[Start of section]

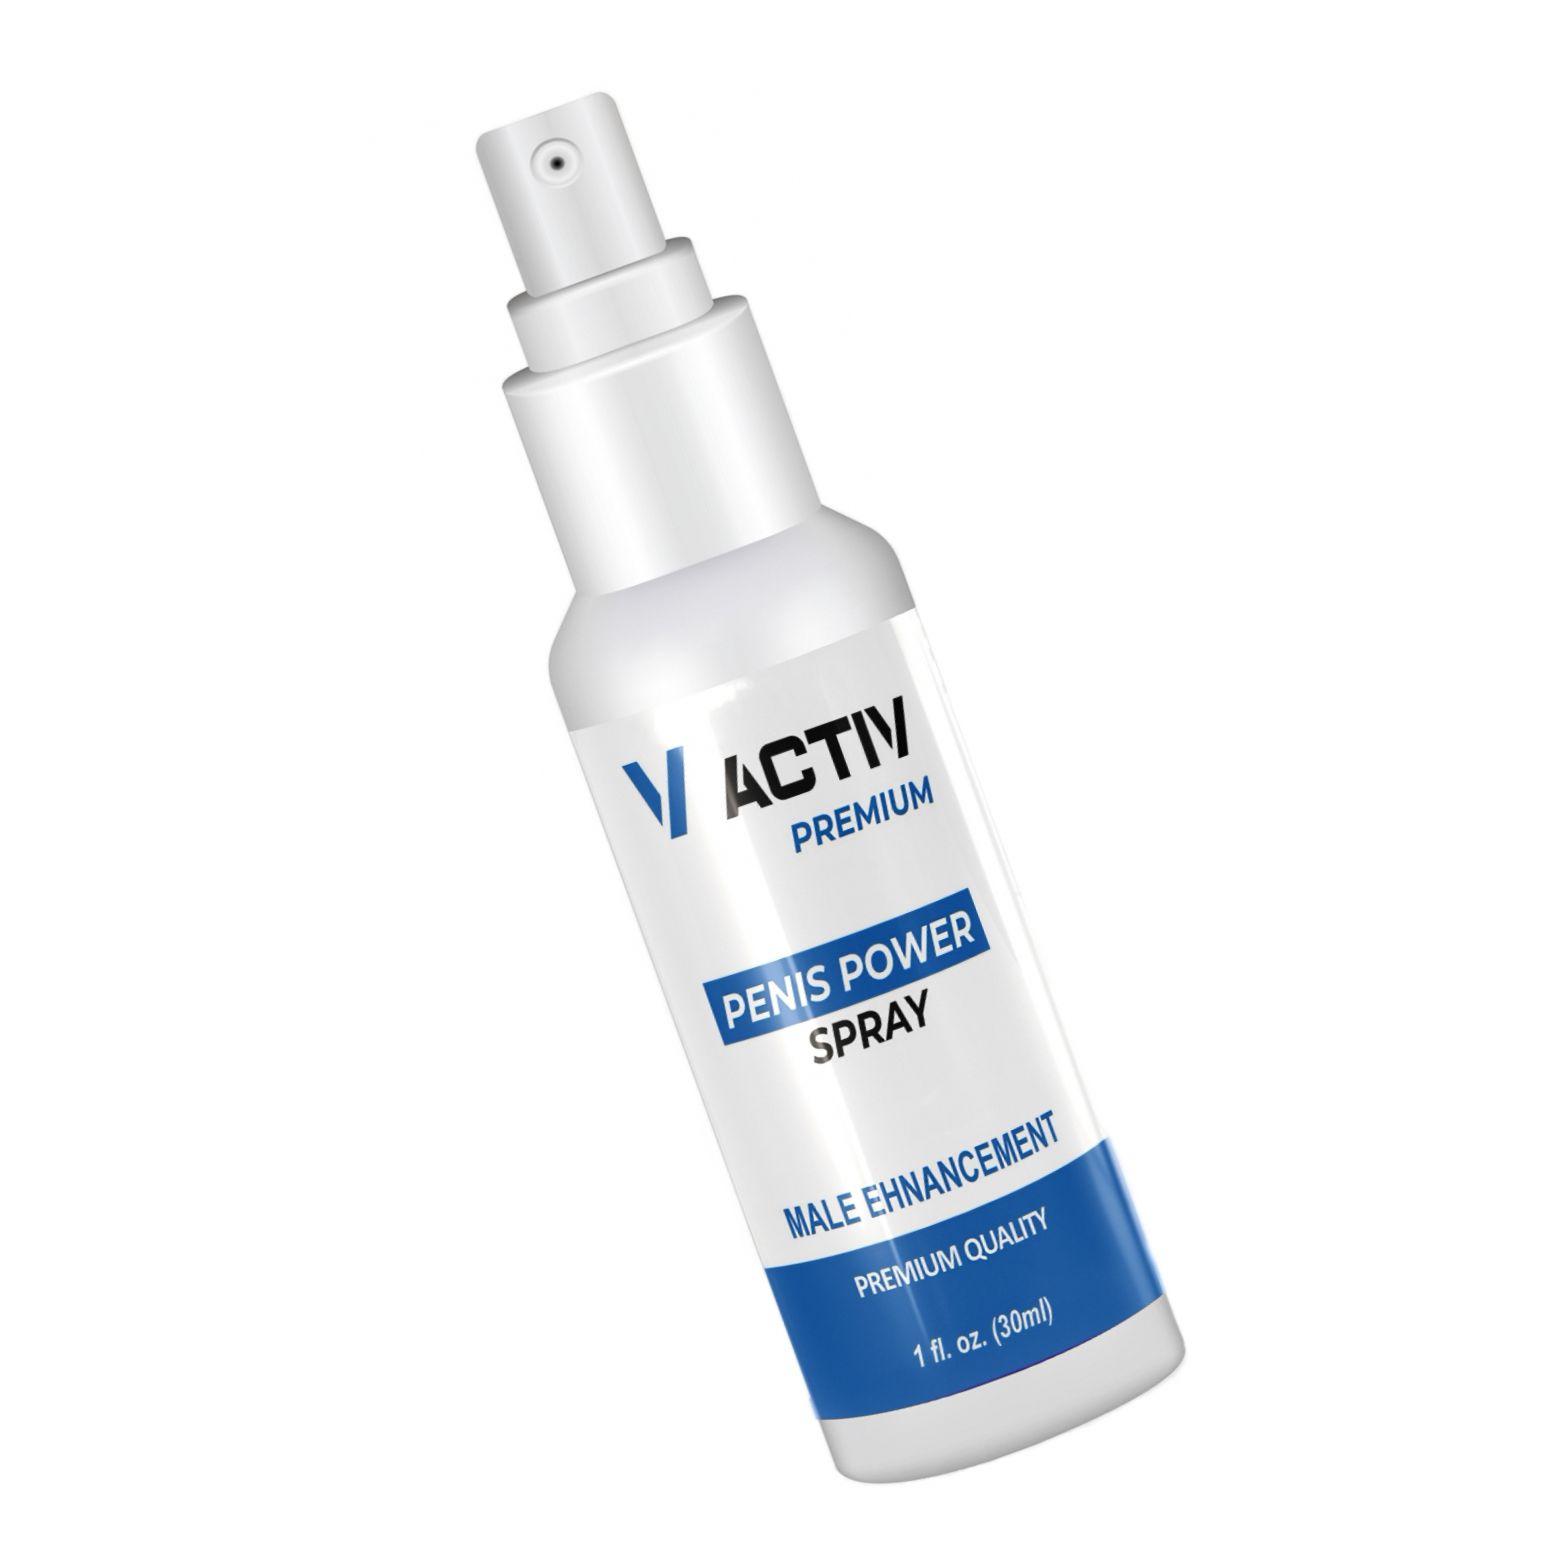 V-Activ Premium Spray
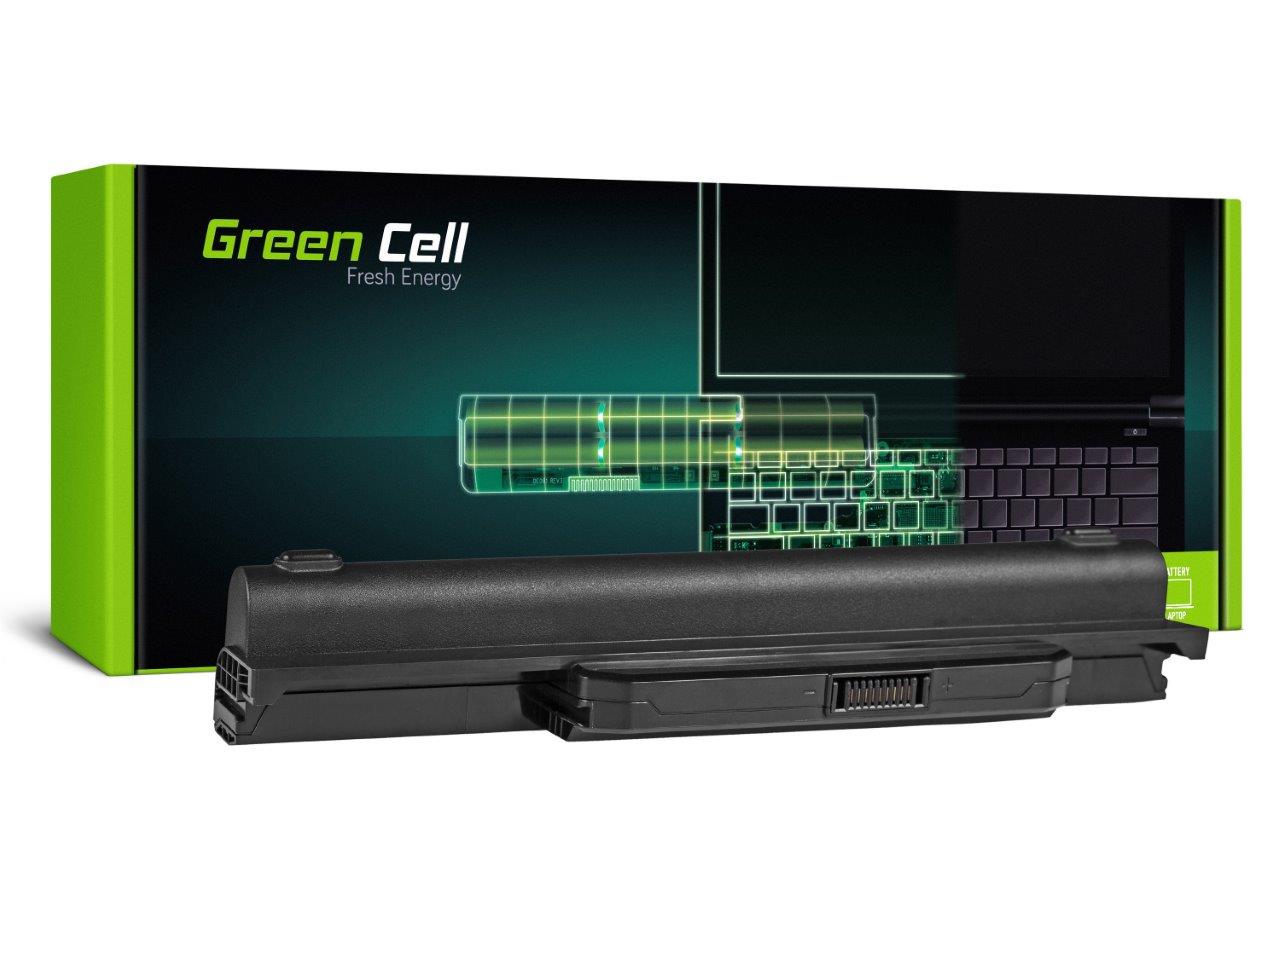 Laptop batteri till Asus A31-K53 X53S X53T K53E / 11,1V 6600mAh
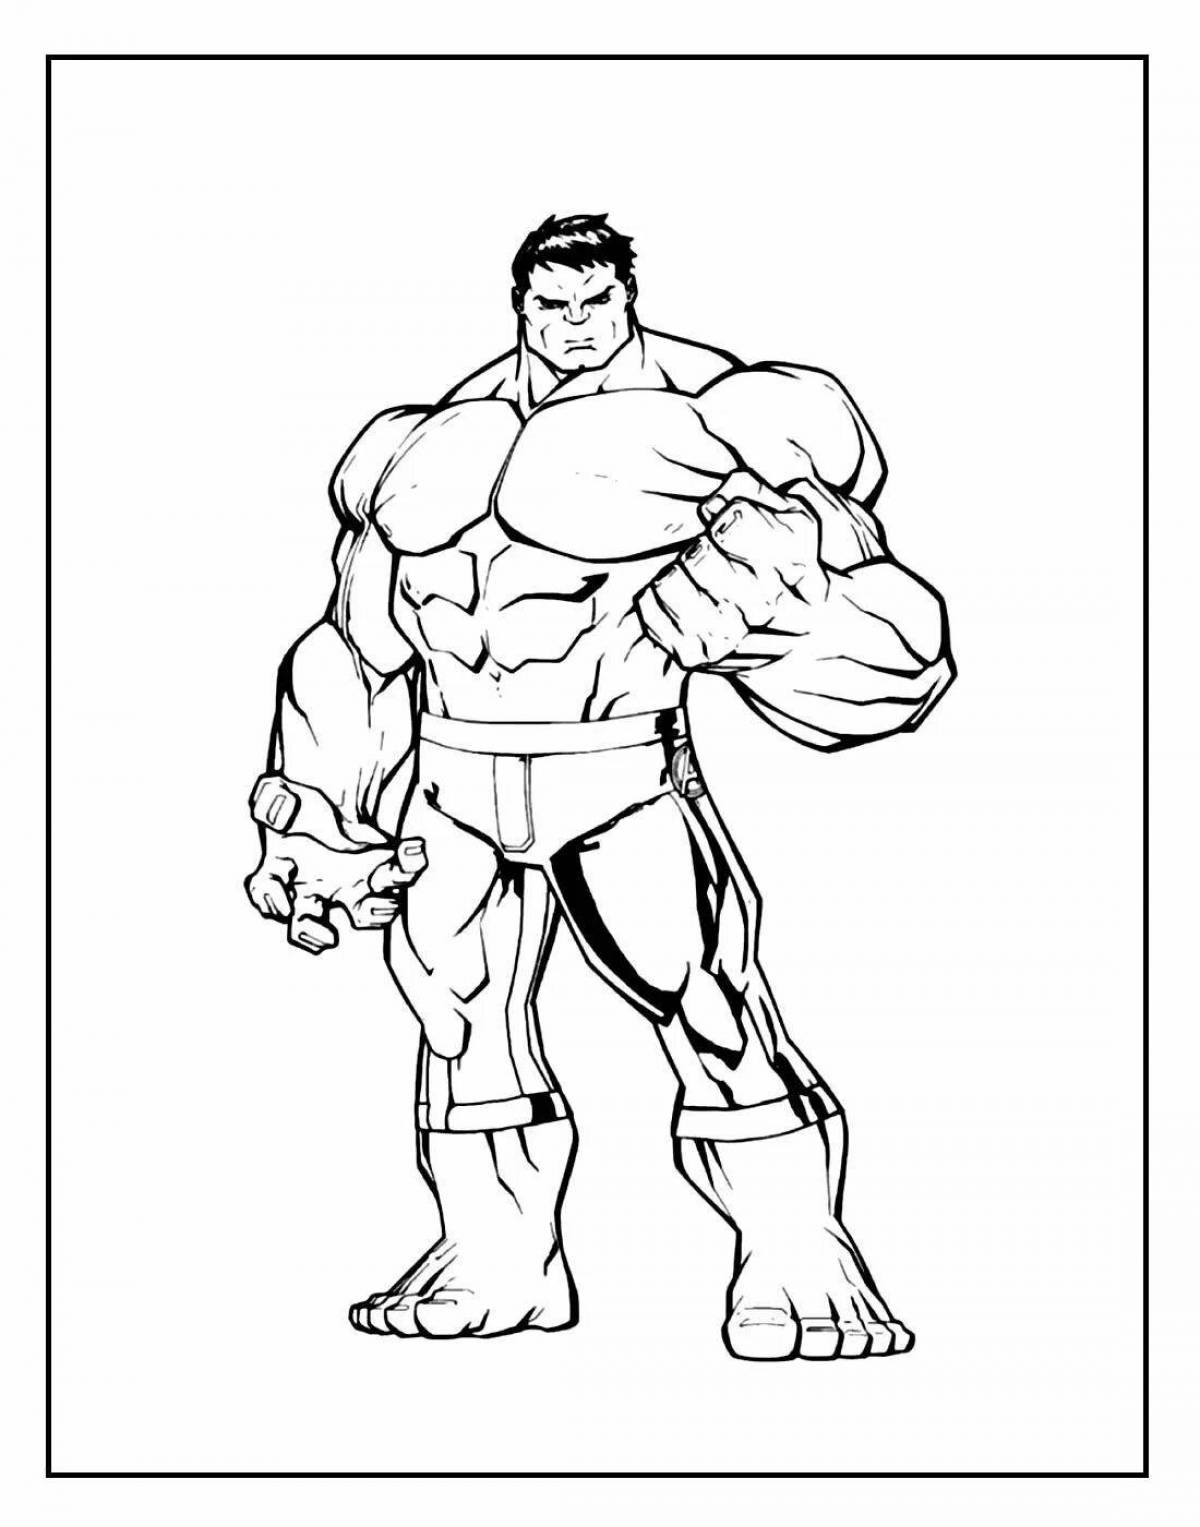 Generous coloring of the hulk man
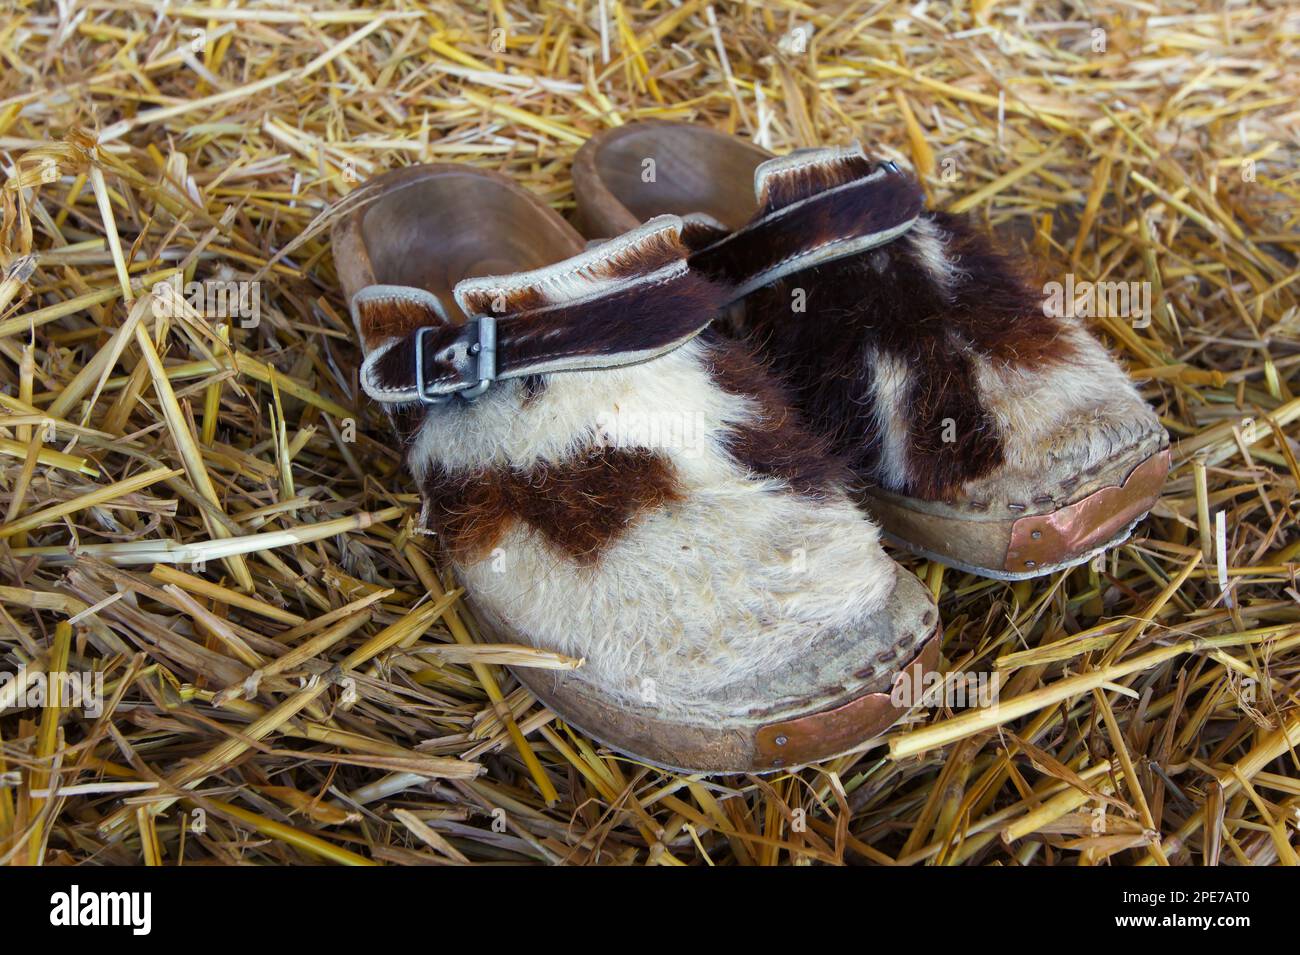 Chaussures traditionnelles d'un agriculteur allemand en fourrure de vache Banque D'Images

[End of section]

[Work to be completed]
Recopy the whole listing above precisely, excluding images.

[Response to this task]
 V-Activ Premium Spray
 Laptop batteri till Asus A31-K53 X53S X53T K53E / 11,1V 6600mAh
 Generous coloring of the hulk man
 Chaussures traditionnelles d'un agriculteur allemand en fourrure de vache Banque D'Images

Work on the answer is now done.